# Lt Vs Stock Catless Mids



## dsgto04 (Sep 11, 2008)

Alright, finially picked a cam out and ordered, tsp 224r, and wondering if anyone would know it is worth buying long tubes? I have a 04 a4 with jba catless mids and borla cat back already. Stock heads. Seems like every time I buy headers they are just a problems, with leaks, burning up wires, lower clearance, and rusting out.(70 chevy 3/4 ton 4x4, 79 malibu). Also wonder what the actual gain for long tubes on a dyno are? I know they say like 20 hp on the web page. Is it really or is it more like 10-12? like a K&N says on the box.

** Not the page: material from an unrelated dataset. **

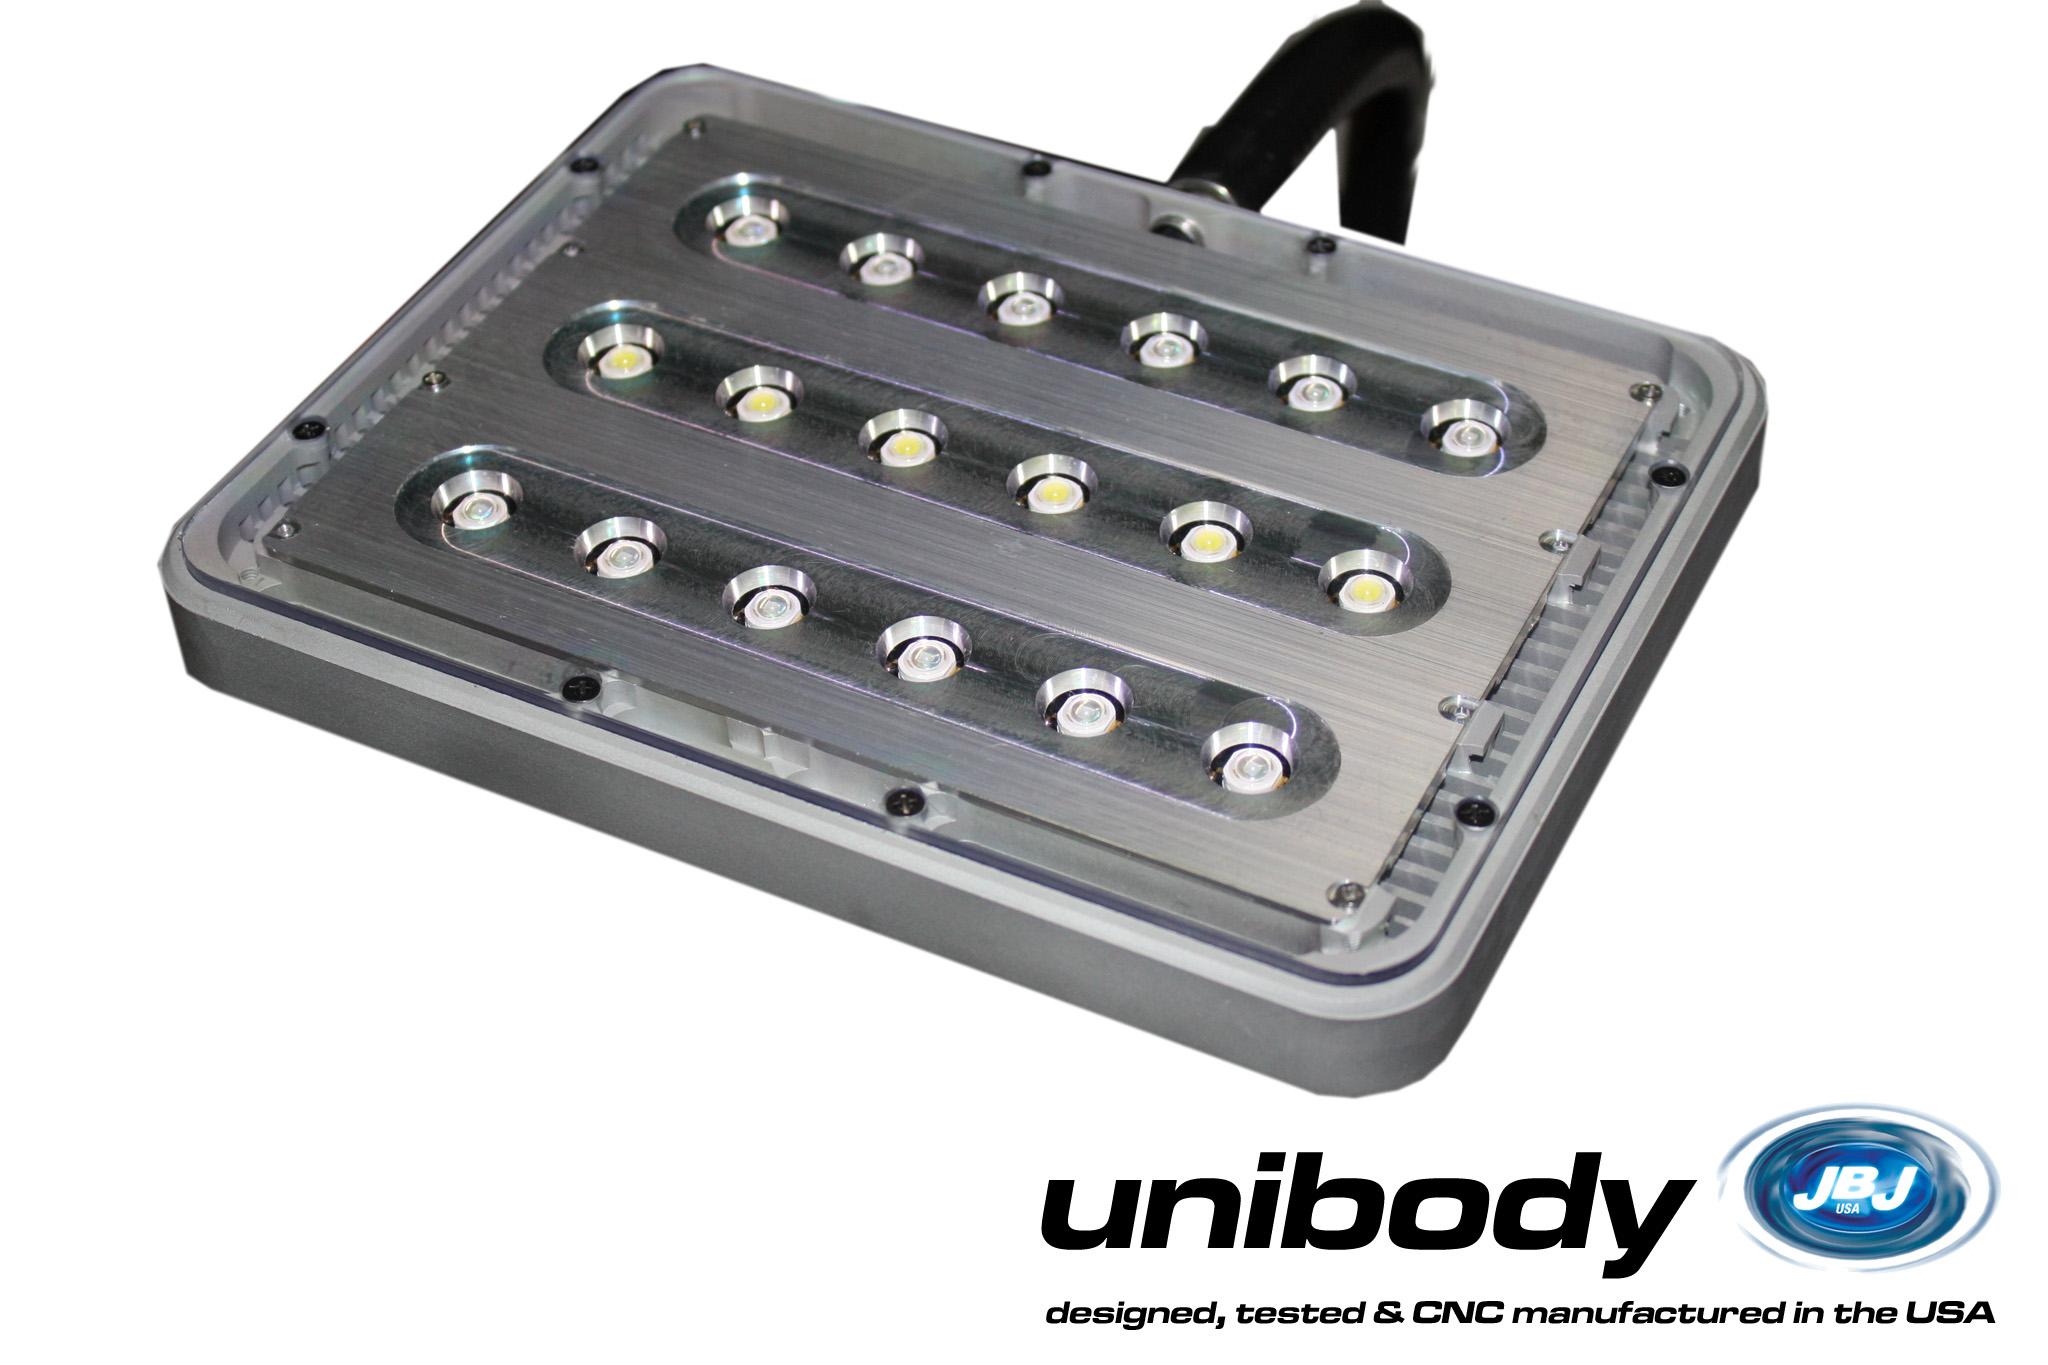 JBJ Unibody LED Underside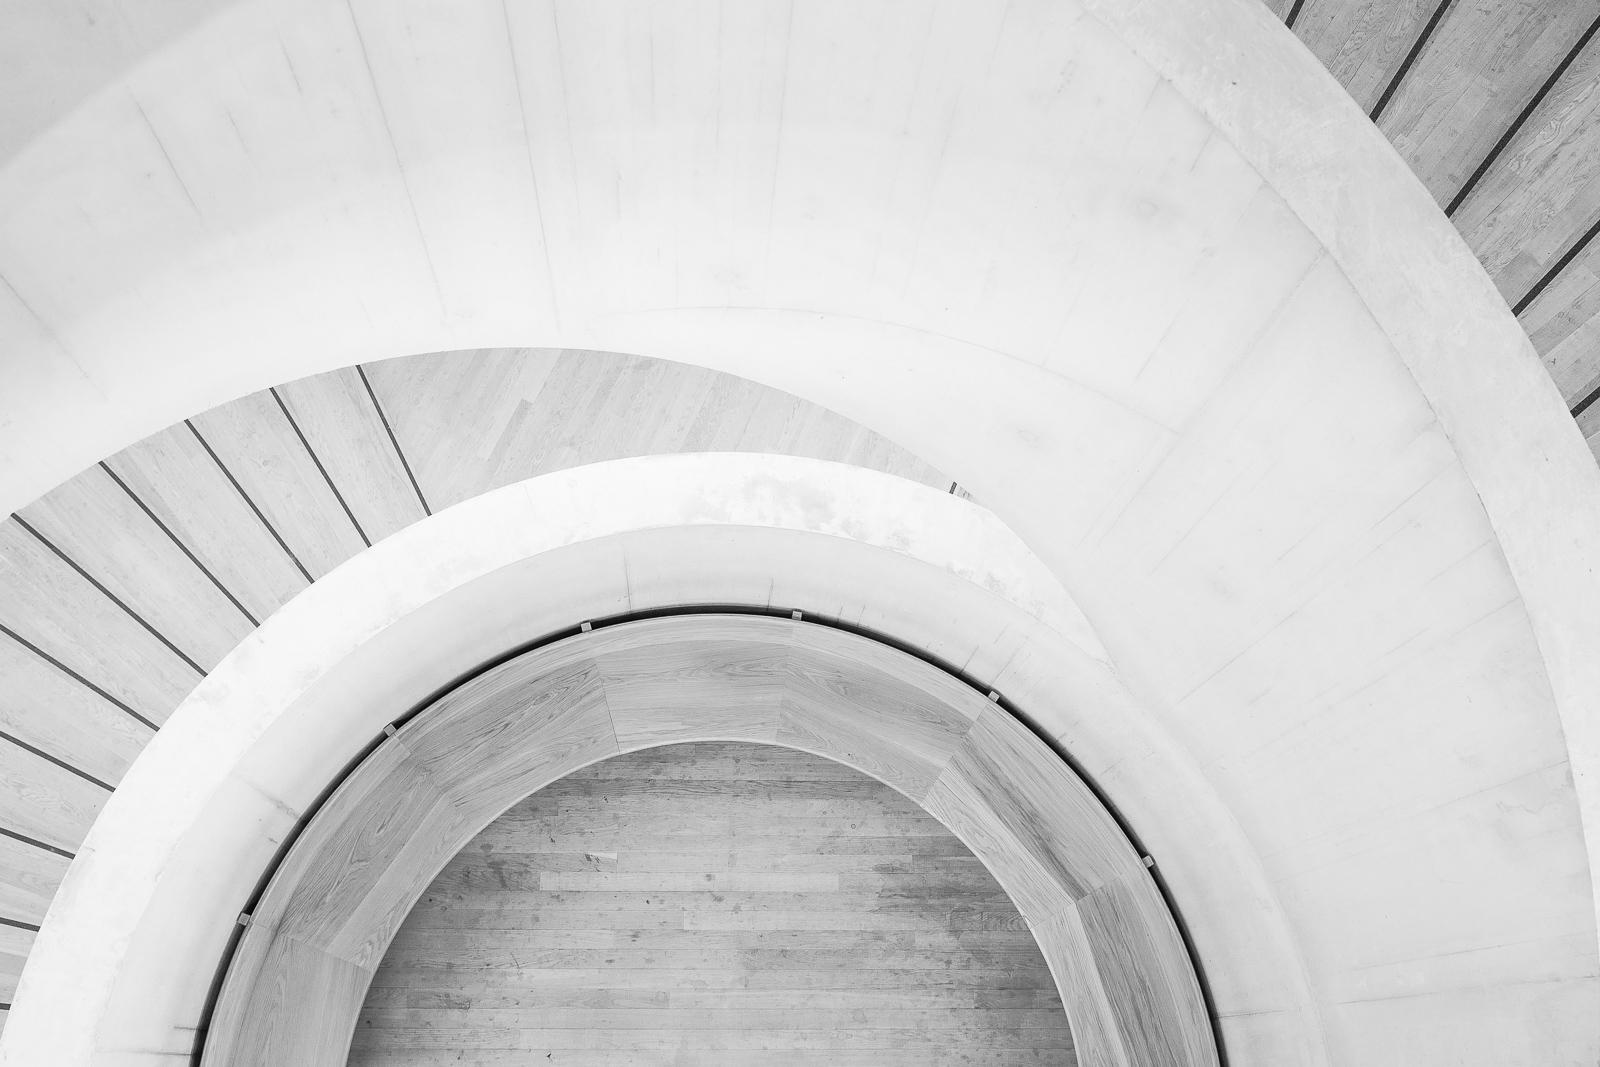 Tate Modern/ Switch House, London | Architect  Herzog and de Meuron

Your comment will greatly be apreciated.:confused


----------



## alsgto04 (Nov 21, 2007)

Thats the same cam ive been thinking off getting let me know how it comes out. :cool


----------



## PDQ GTO (Jun 21, 2007)

Personally I have had zero issues with my SLP LT’s; nothing burnt & nothing rubbing. Since you already launched the Cats. you might as well get some LT’s along with the cam. You will not be disappointed…


----------



## GTOsarge (Oct 9, 2007)

PDQ GTO said:


> Personally I have had zero issues with my SLP LT’s; nothing burnt & nothing rubbing. Since you already launched the Cats. you might as well get some LT’s along with the cam. You will not be disappointed…


 I agree. Go with a higher quality set of LT's and you won't regret it. Gotta let that cam breathe!


----------



## alsgto04 (Nov 21, 2007)

So have you installed that cam, yet?


----------



## dsgto04 (Sep 11, 2008)

I installed the cam last friday (Halloween). I haven't really got on it to much yet to even feel the difference, has nice lopey sound to it. Kind of a pain to drive it right now, always dies on me. Soon as I get my headers I am going to get it tuned. I don't know where though. Not really any repitable tuning shop around in se minnesota. Winter is coming soon so, I might just wait till spring. Looking for any other advise to get that few extra ponies out of it before the tune? And thanks for your feed back.


----------



## alsgto04 (Nov 21, 2007)

Yeah i think you should just wait till next year for the tune that way in the winter you could get more mods on it. Keep me posted on how that cam comes out with the tune. :cheers


----------